* _Exercise goal_
Starting at the line with "David Hiking The Trail" and ending at the line with "Greenfield Guitars |", print exactly the lines of the entries below. Pictures do not belong in the copy.
Records shown Start Marker
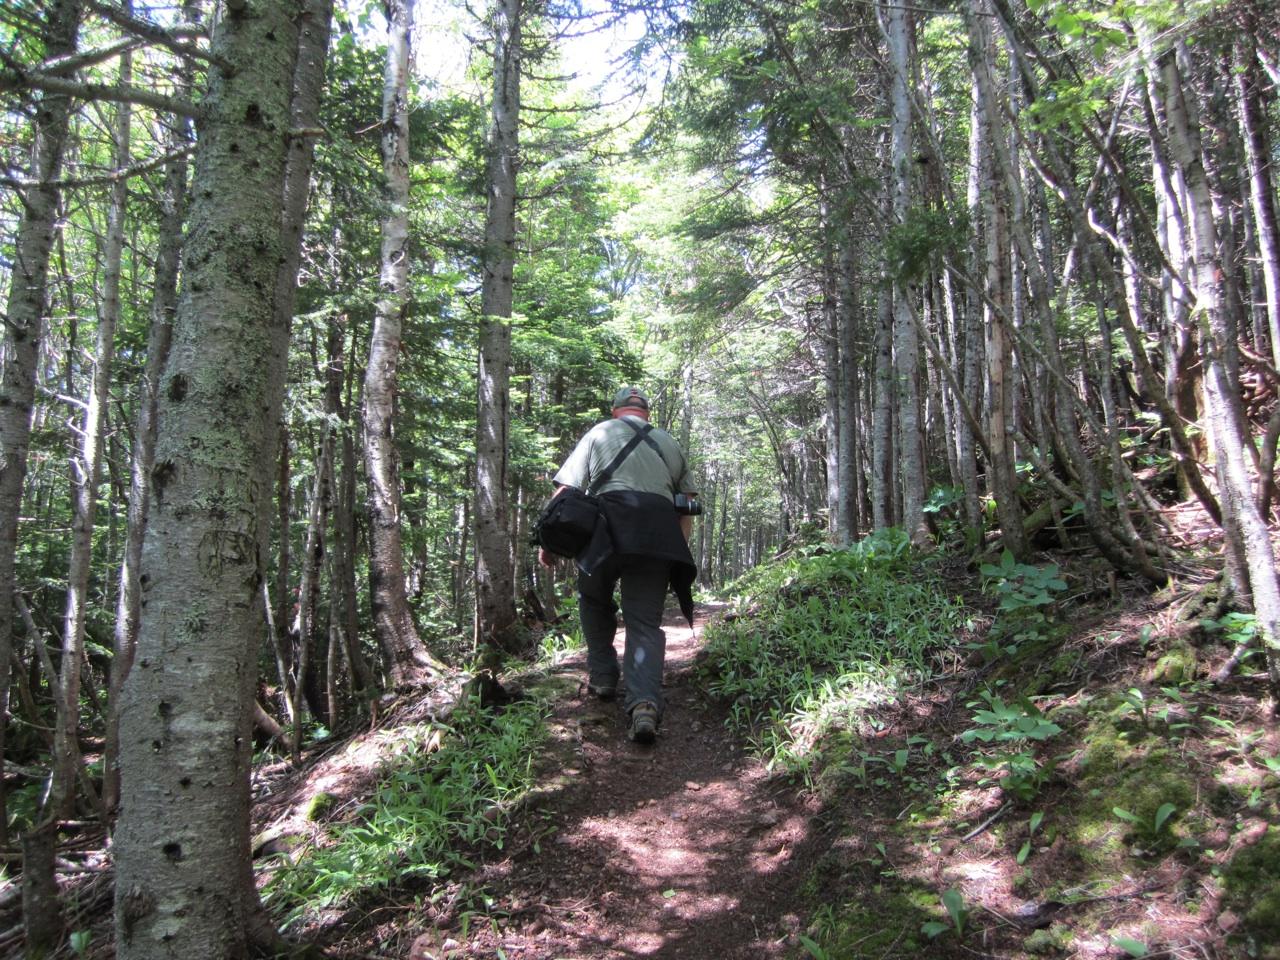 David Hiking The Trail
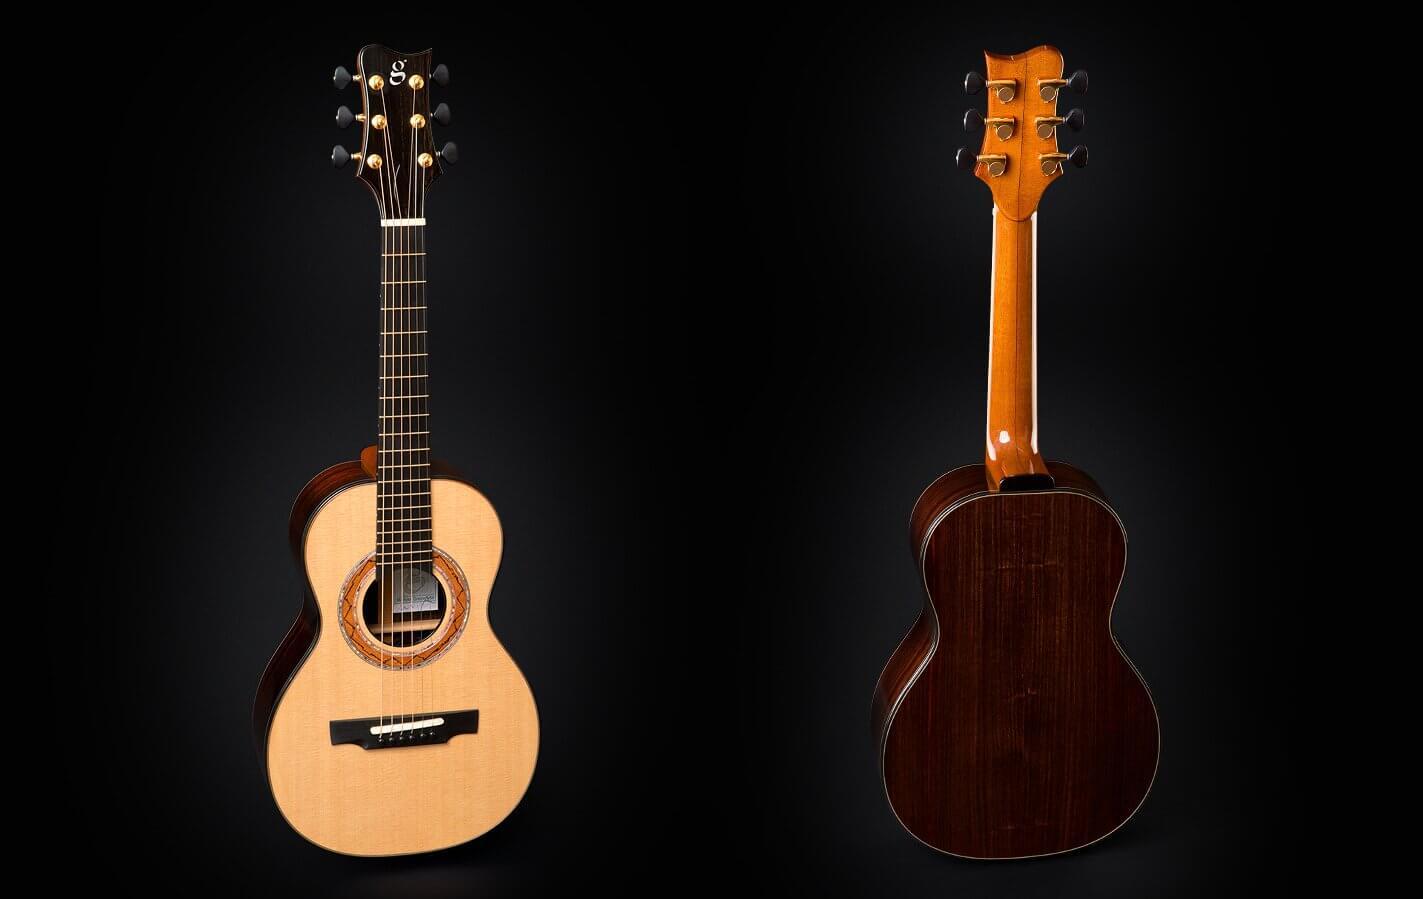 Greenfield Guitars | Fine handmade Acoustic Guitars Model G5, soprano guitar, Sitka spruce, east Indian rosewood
Records shown End Marker
Records shown Start Marker
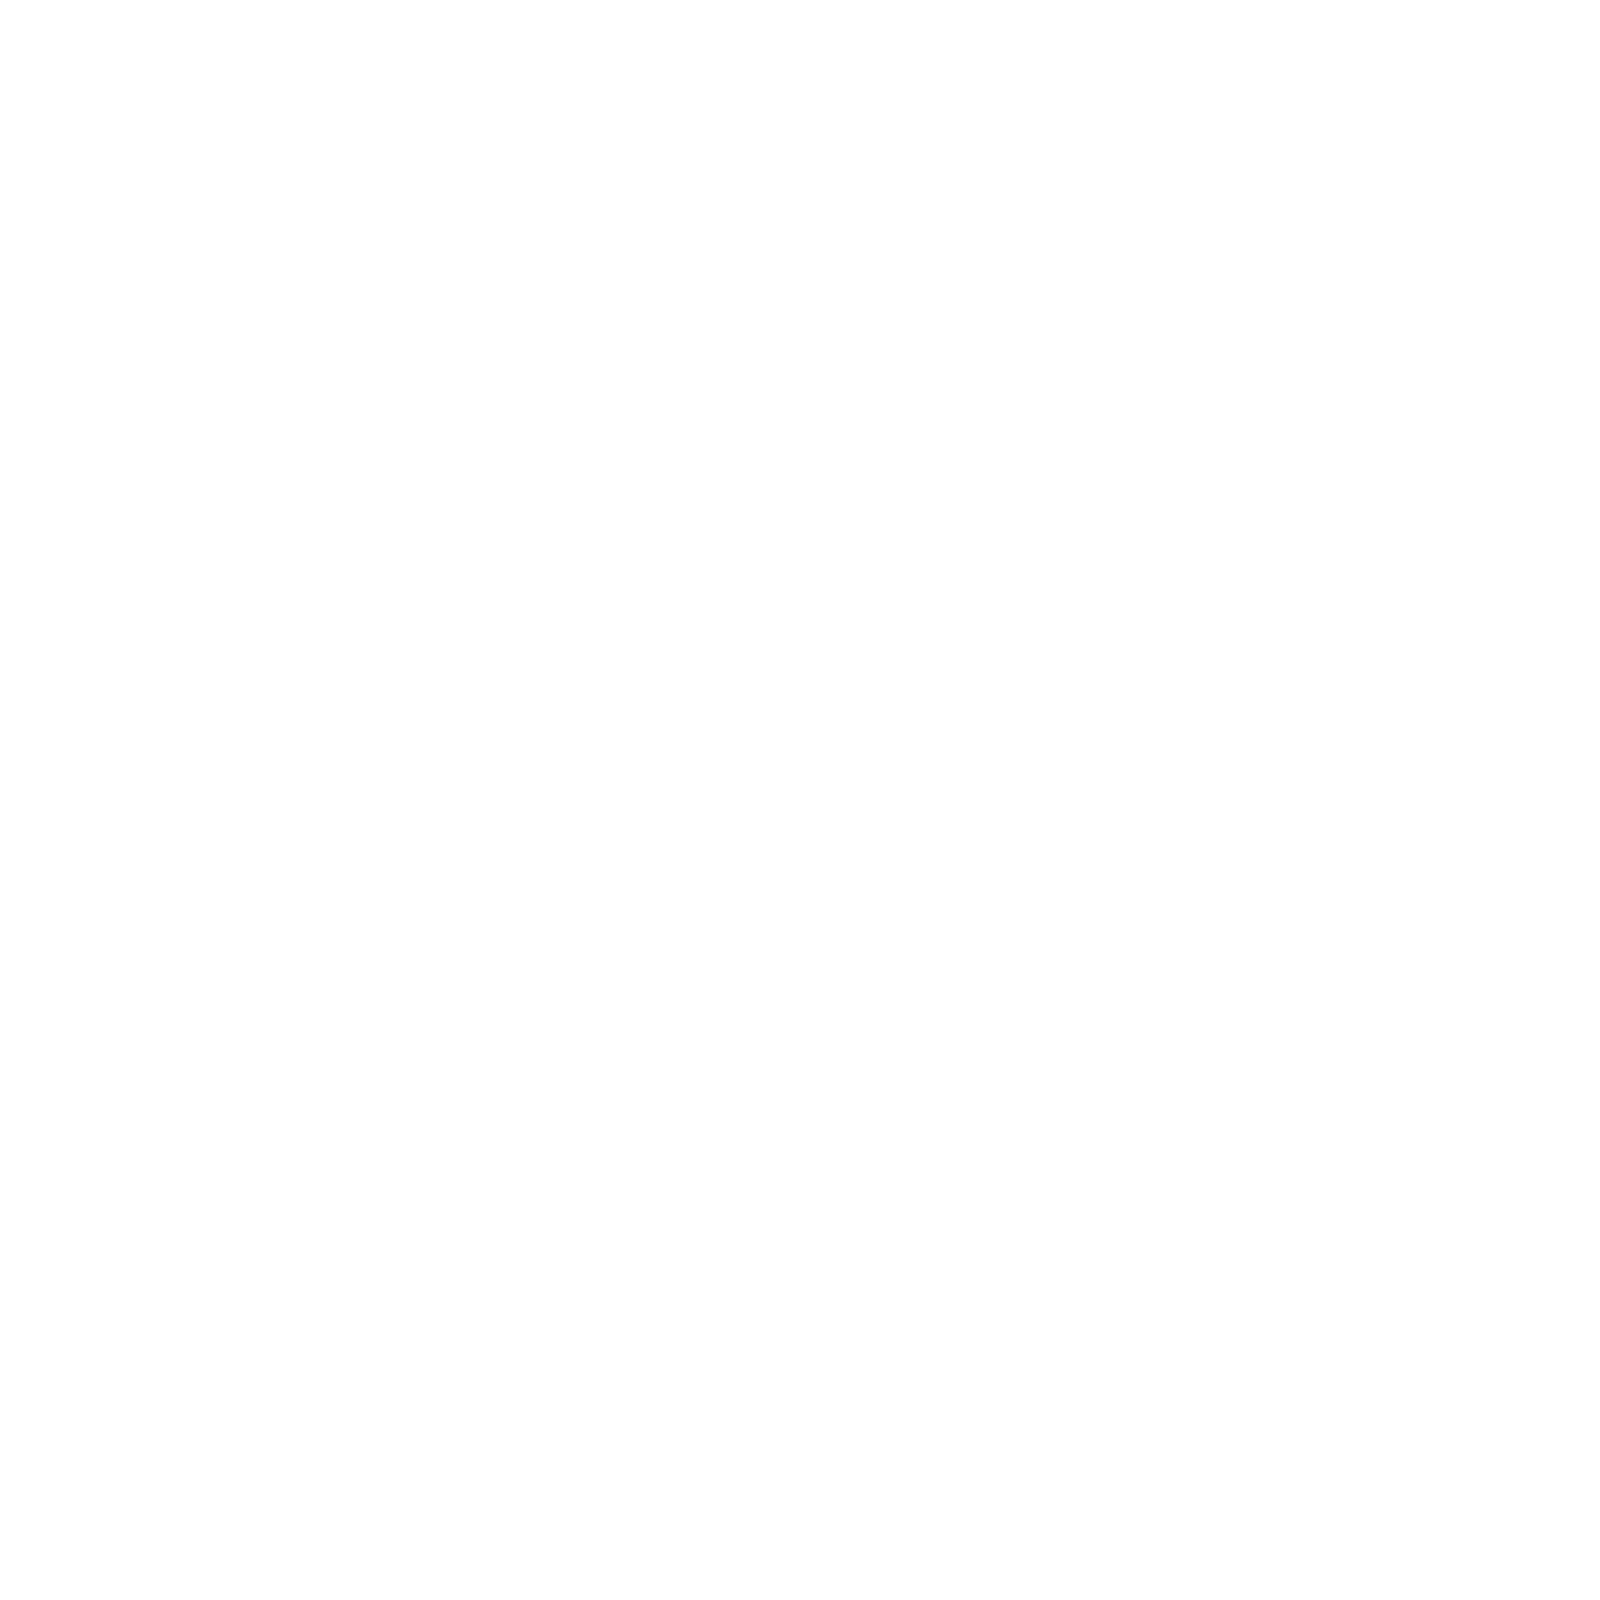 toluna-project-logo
Records shown End Marker
* _Answer to this task_
 David Hiking The Trail
 Greenfield Guitars | Fine handmade Acoustic Guitars Model G5, soprano guitar, Sitka spruce, east Indian rosewood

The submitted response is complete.